A chuva ocorre em quase todo o Sudeste nesta segunda, com exceção da porção norte do Espírito Santo e algumas cidades do norte de Minas Gerais. As pancadas de chuva mais volumosas caem sobre o oeste mineiro e litoral do Rio de Janeiro. No estado de São Paulo o sol aparece, porém as chuvas acontecem preferencialmente no período da tarde.

Centro-Oeste

A chuva se espalha pelo Centro-Oeste, com potencial para trovoadas a qualquer momento do dia. As pancadas com maiores volumes acumulados devem ocorrer entre o Mato Grosso do Sul e porção a leste de Goiás, mas apenas em pontos mais isolados.

Nordeste

O tempo firme continua no interior e sul da Bahia ao longo desta segunda-feira. Já nas demais áreas da região, o sol aparece, mas as nuvens se formam e provocam pancadas de chuva que podem precipitar a qualquer momento.

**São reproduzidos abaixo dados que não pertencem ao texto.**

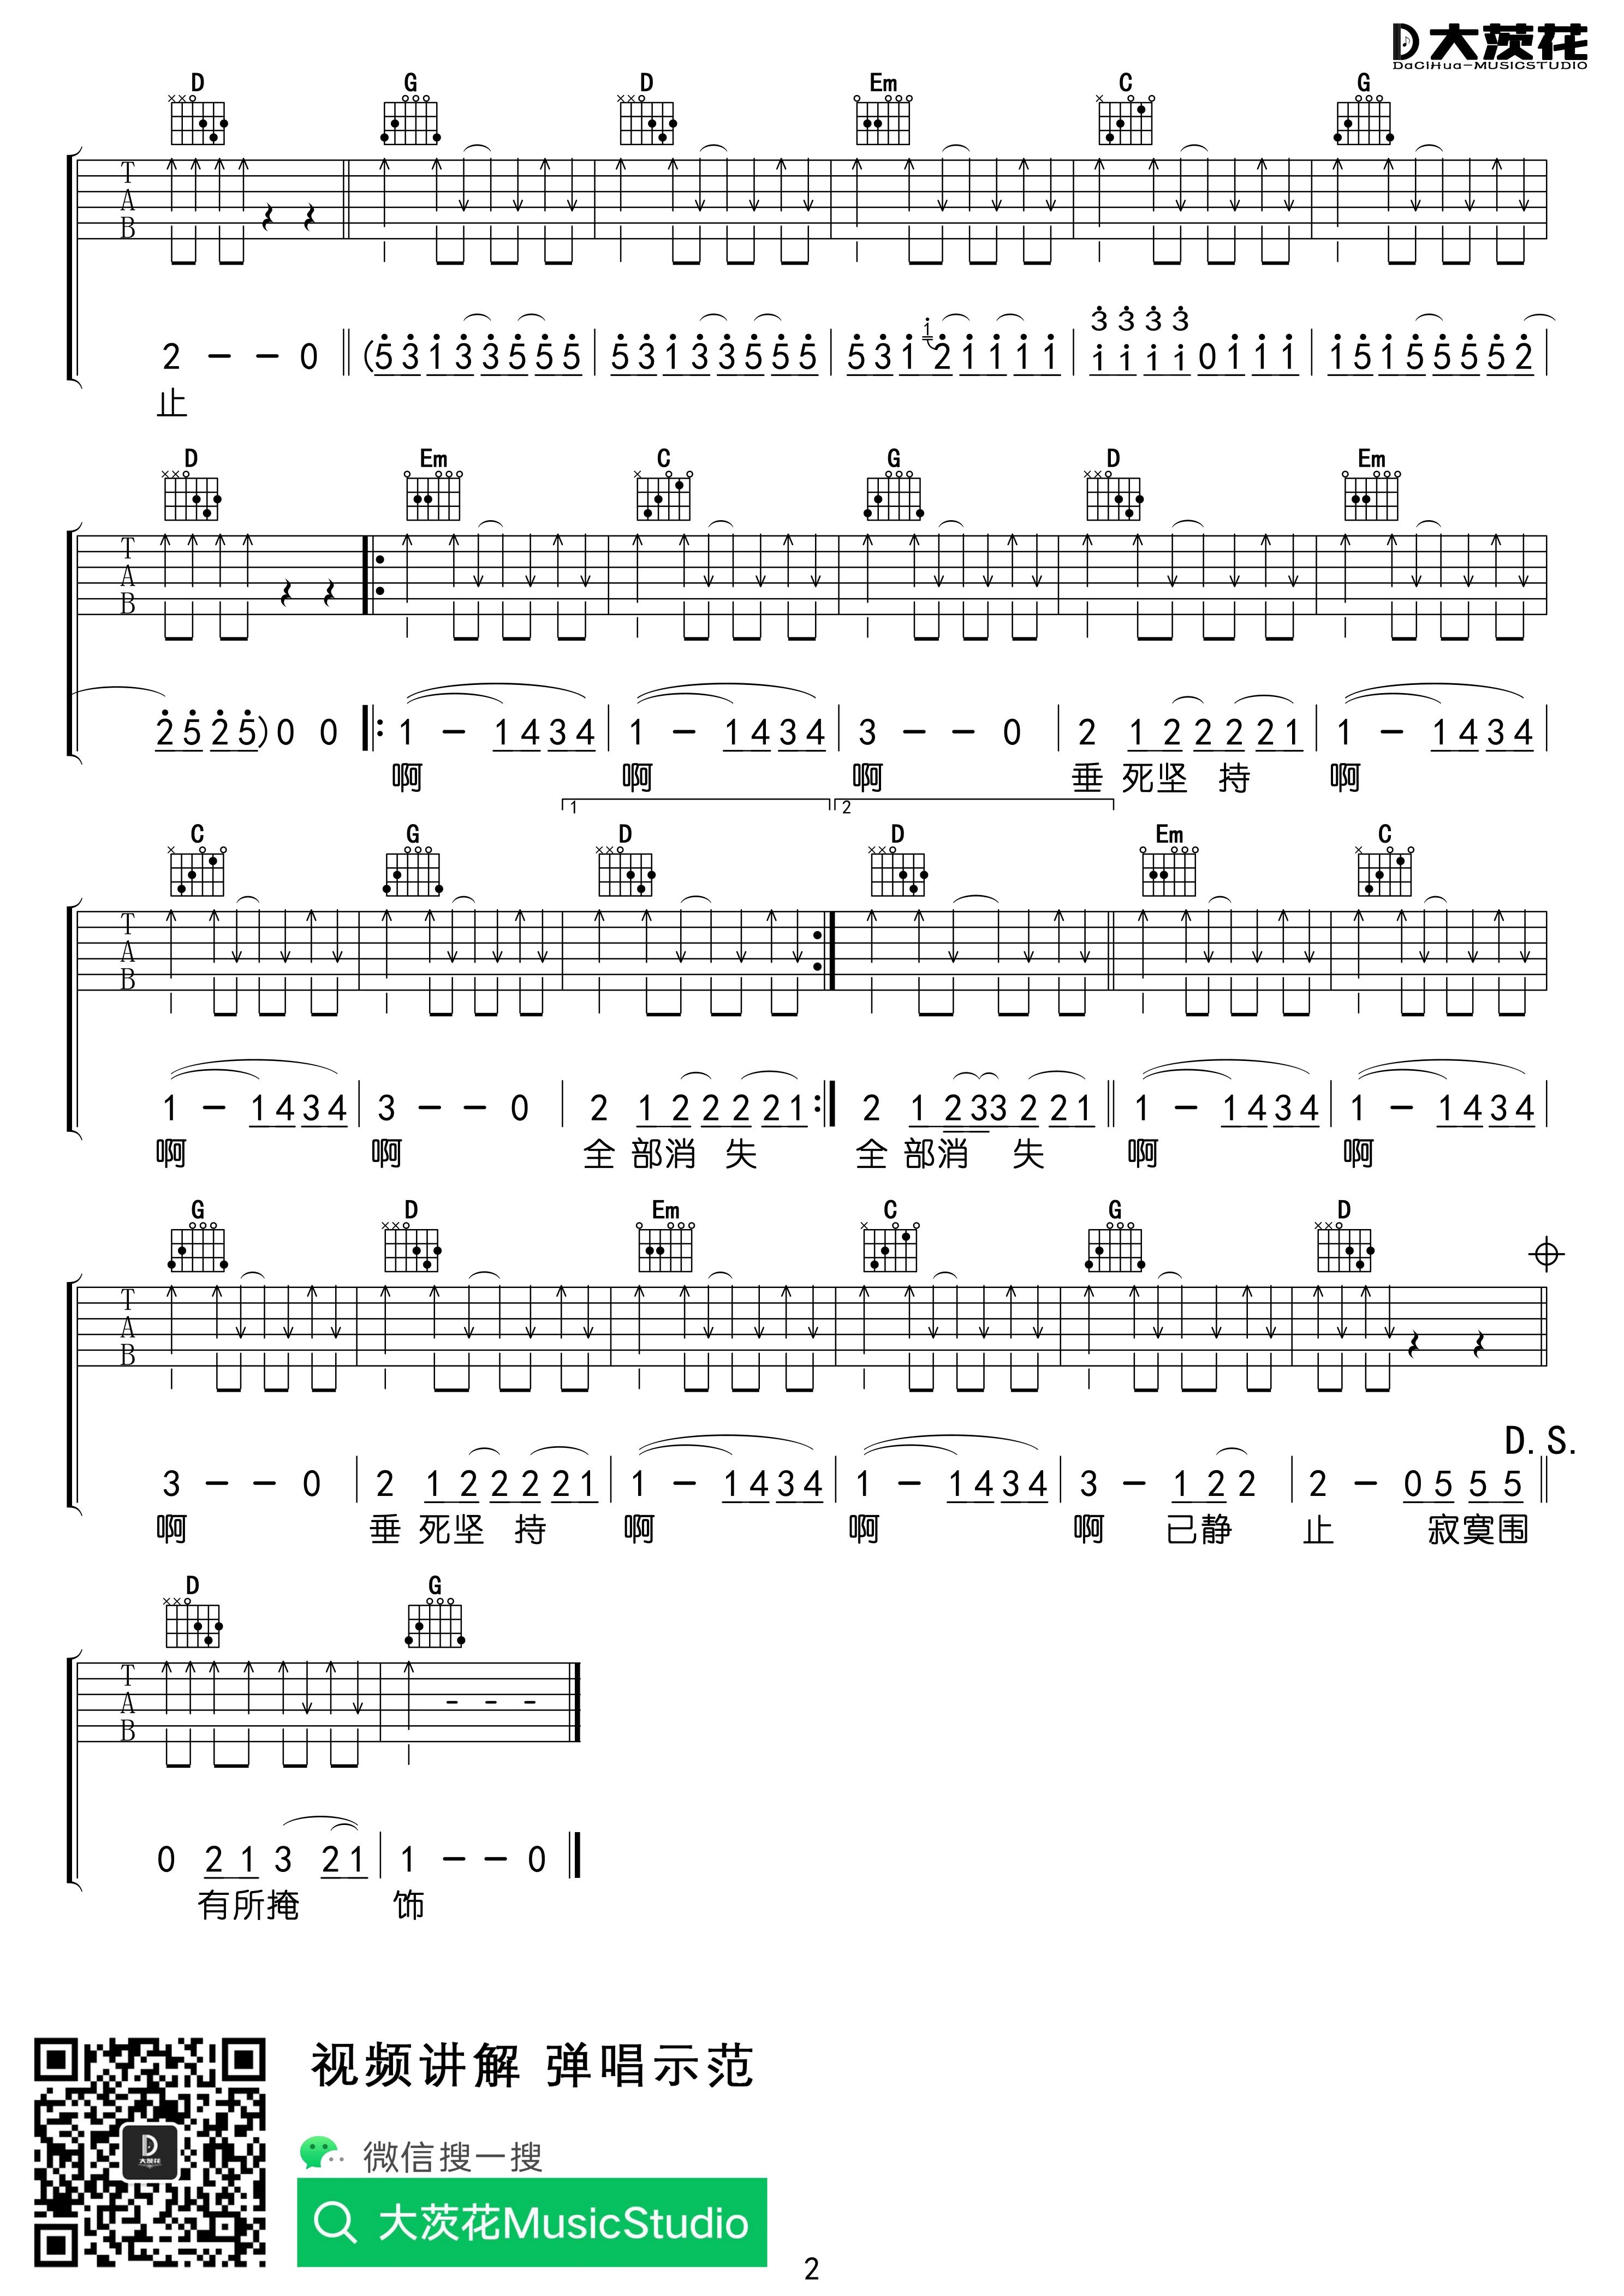 静止(G+C)吉他谱(图片谱)_花儿(花儿乐队)_DCH 静止 G调男版02.jpg

Entre o Rio Grande do Norte e o Maranhão, a chuva pode ser mais volumosa. A sensação de calor continua, mesmo nos locais onde o tempo é instável.

Norte

O tempo permanece firme somente no estado de Roraima. Nas demais áreas da região, o calor e a umidade alta ajudam a formar nuvens carregadas que provocam chuva a qualquer hora do dia. As pancadas acontecem de maneira isolada, e intercaladas com abertura de sol. Além disso, os maiores acumulados de chuvas são esperados no Pará.